= Stored data =
╔══

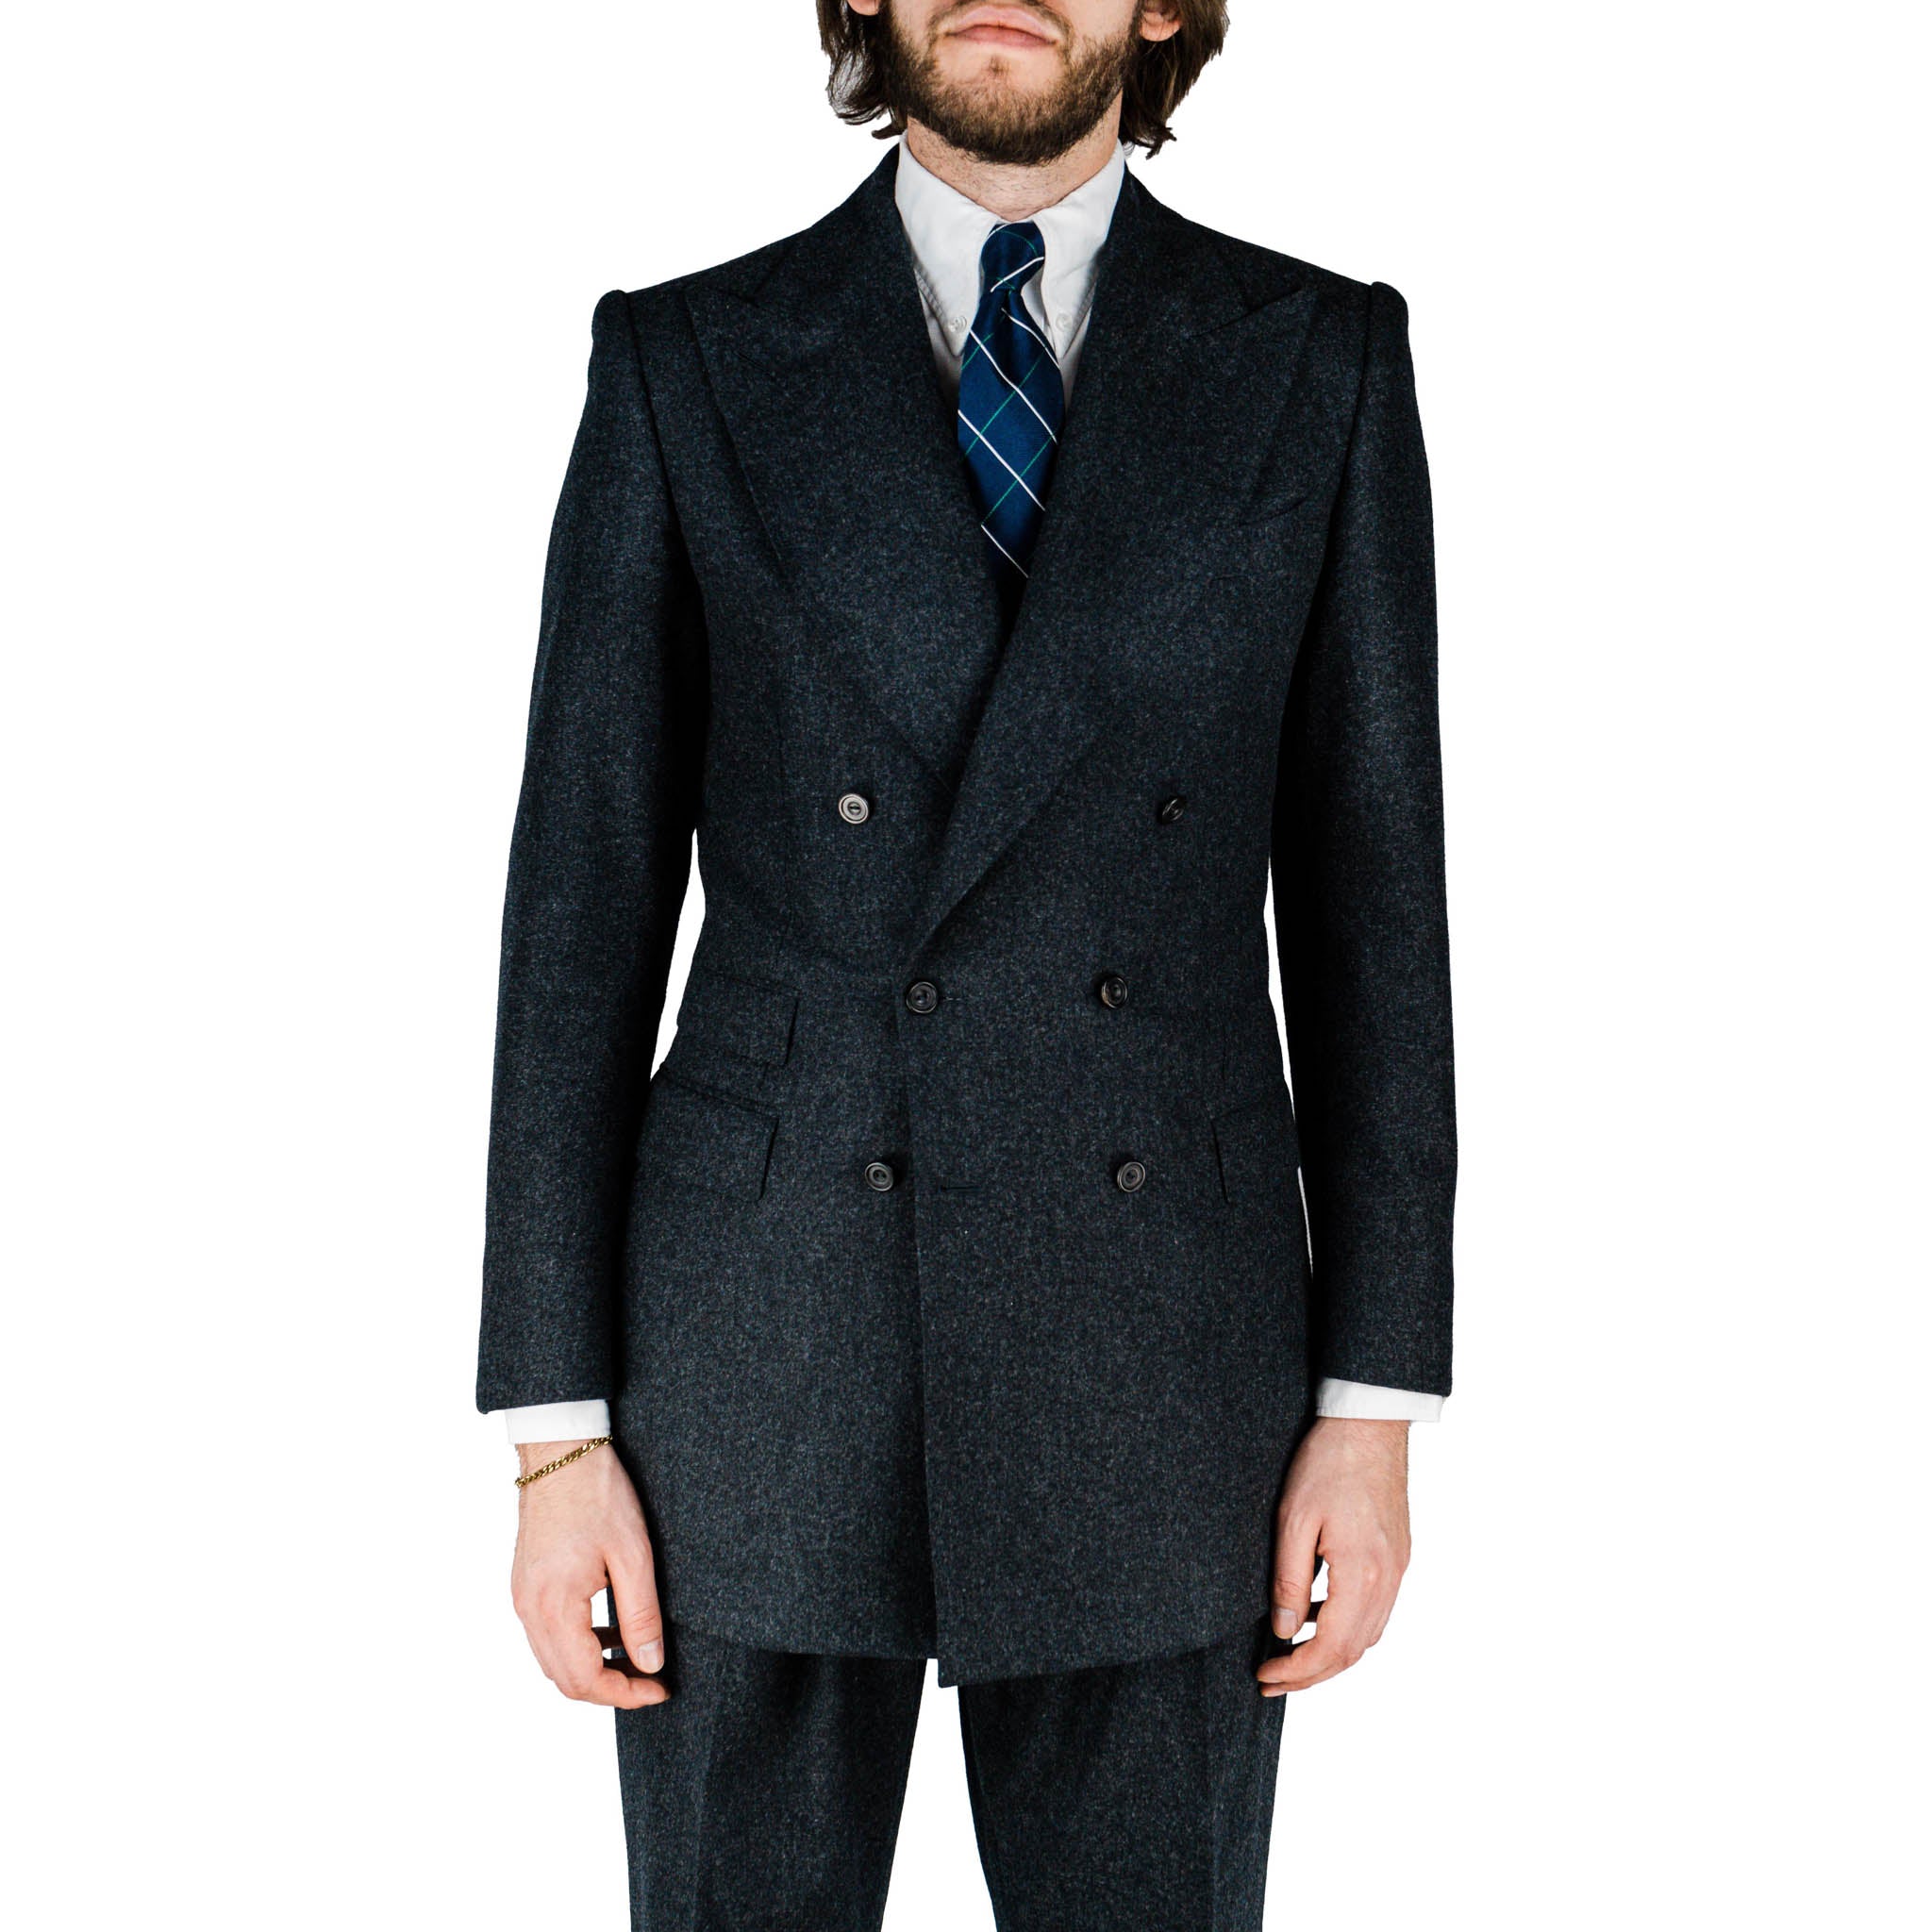 Suit - Charcoal flannel
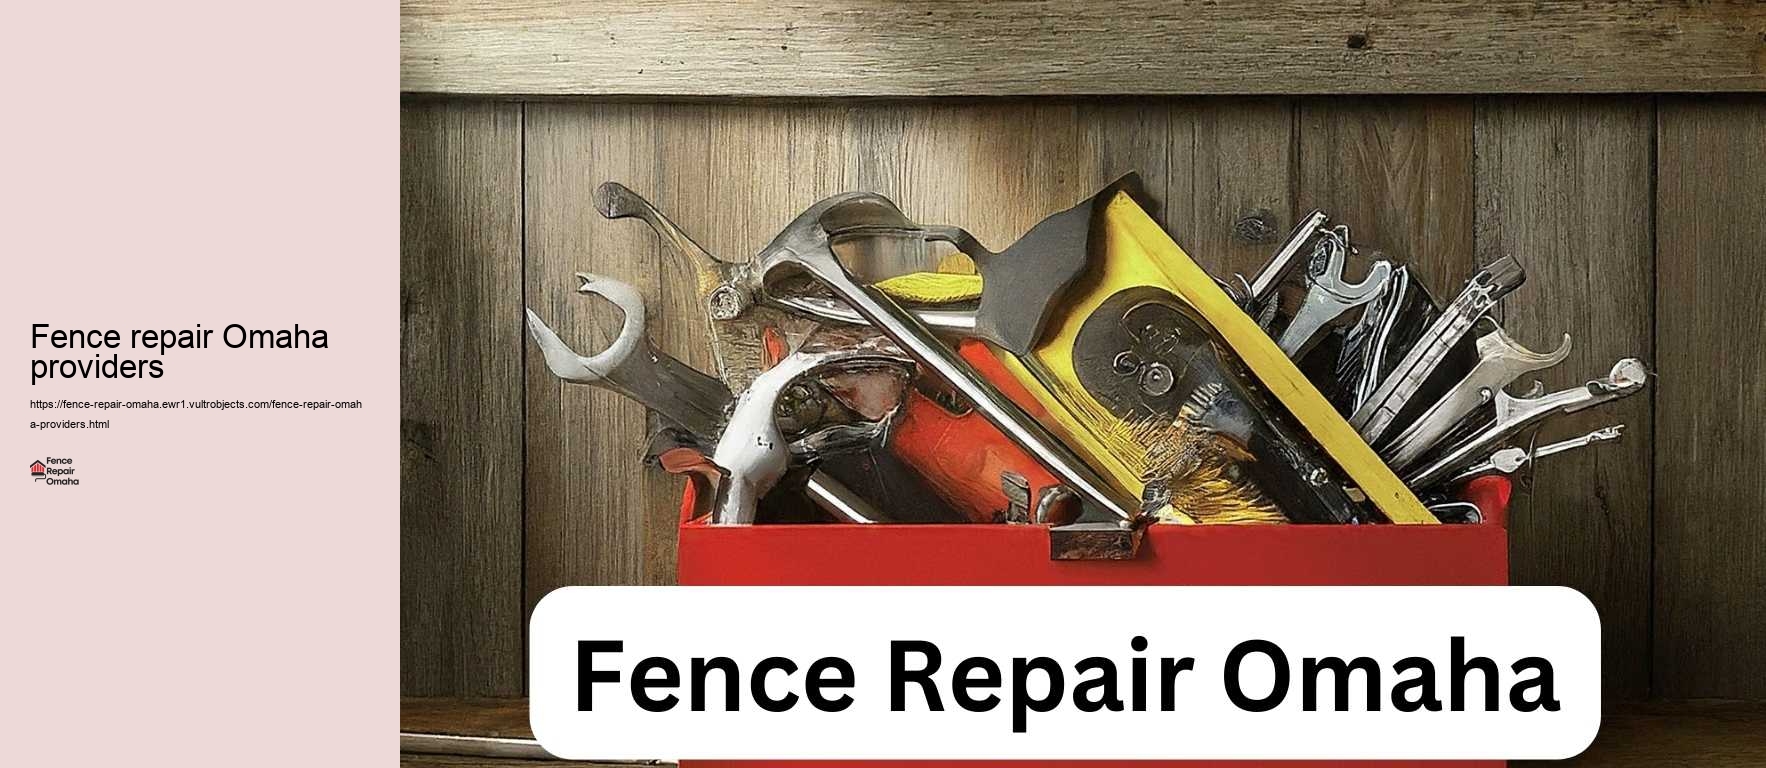 Fence repair Omaha providers
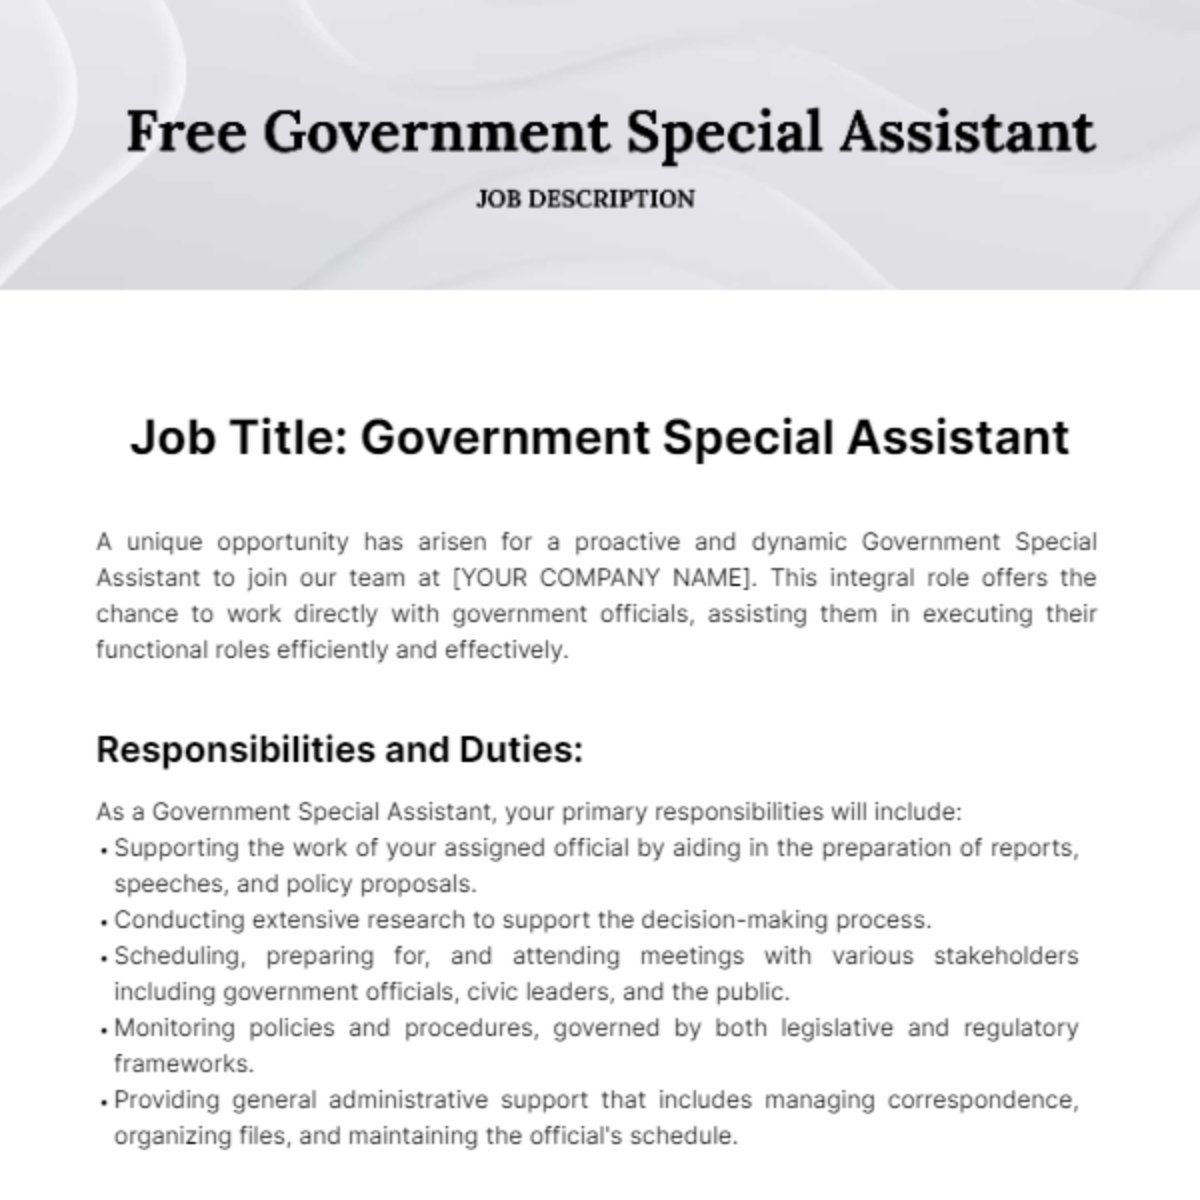 Free Government Special Assistant Job Description Template
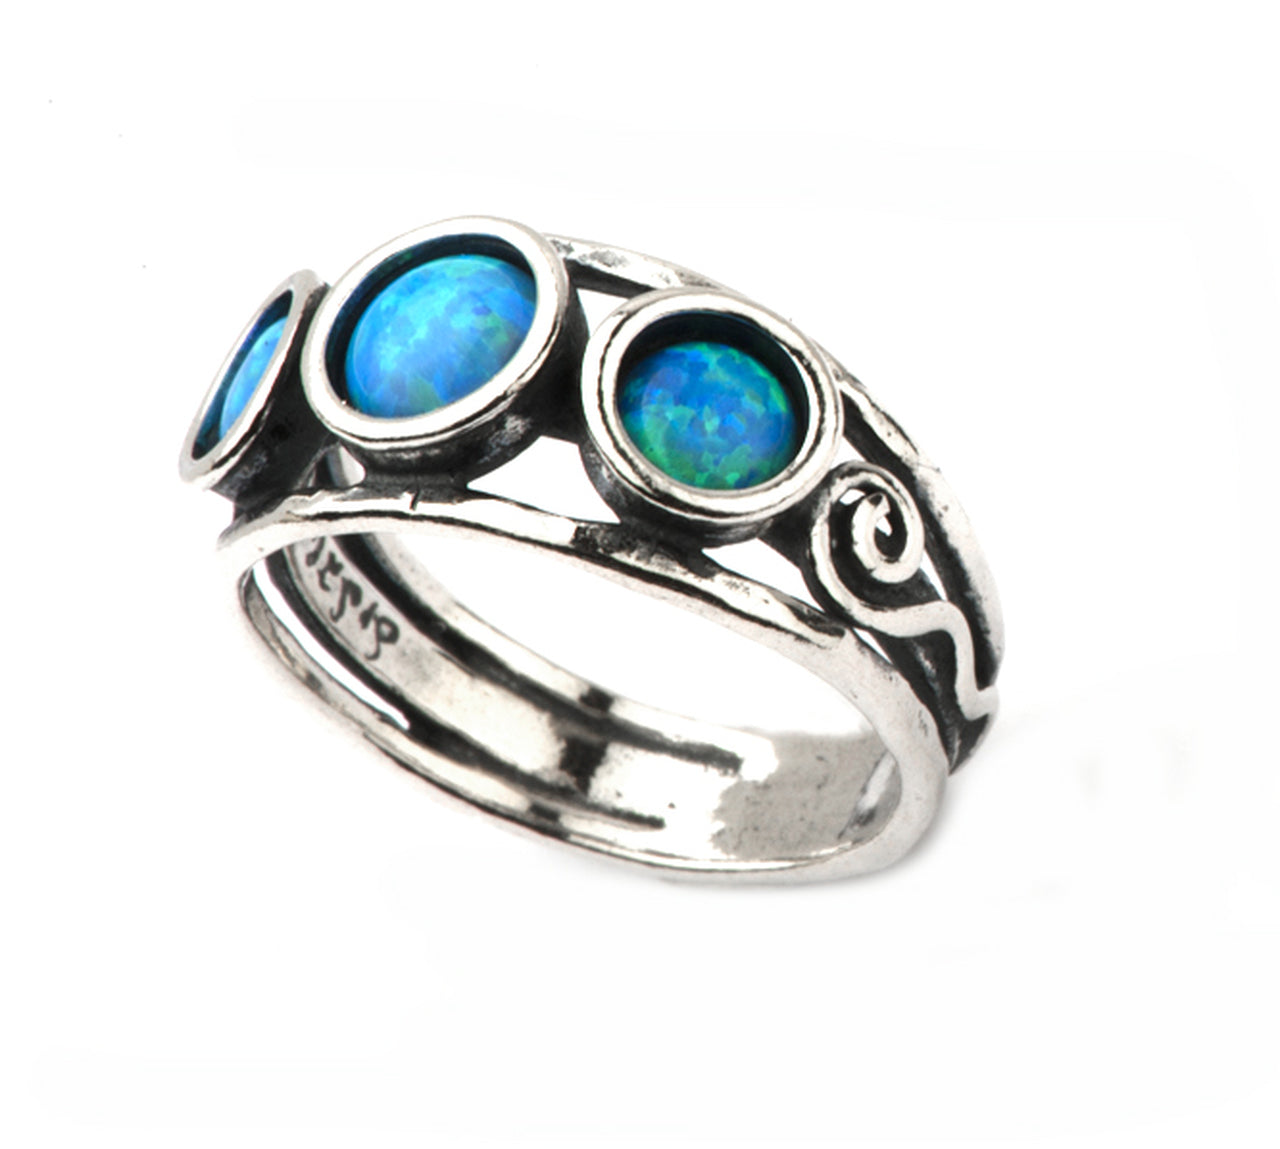 Round Opals Ring - The Nancy Smillie Shop - Art, Jewellery & Designer Gifts Glasgow

╚══

A verbatim copy of the data, free of pictures, is the expected answer.

 Suit - Charcoal flannel
 Fence repair Omaha providers
 Free Government Special Assistant Job Description Template
 Round Opals Ring - The Nancy Smillie Shop - Art, Jewellery & Designer Gifts Glasgow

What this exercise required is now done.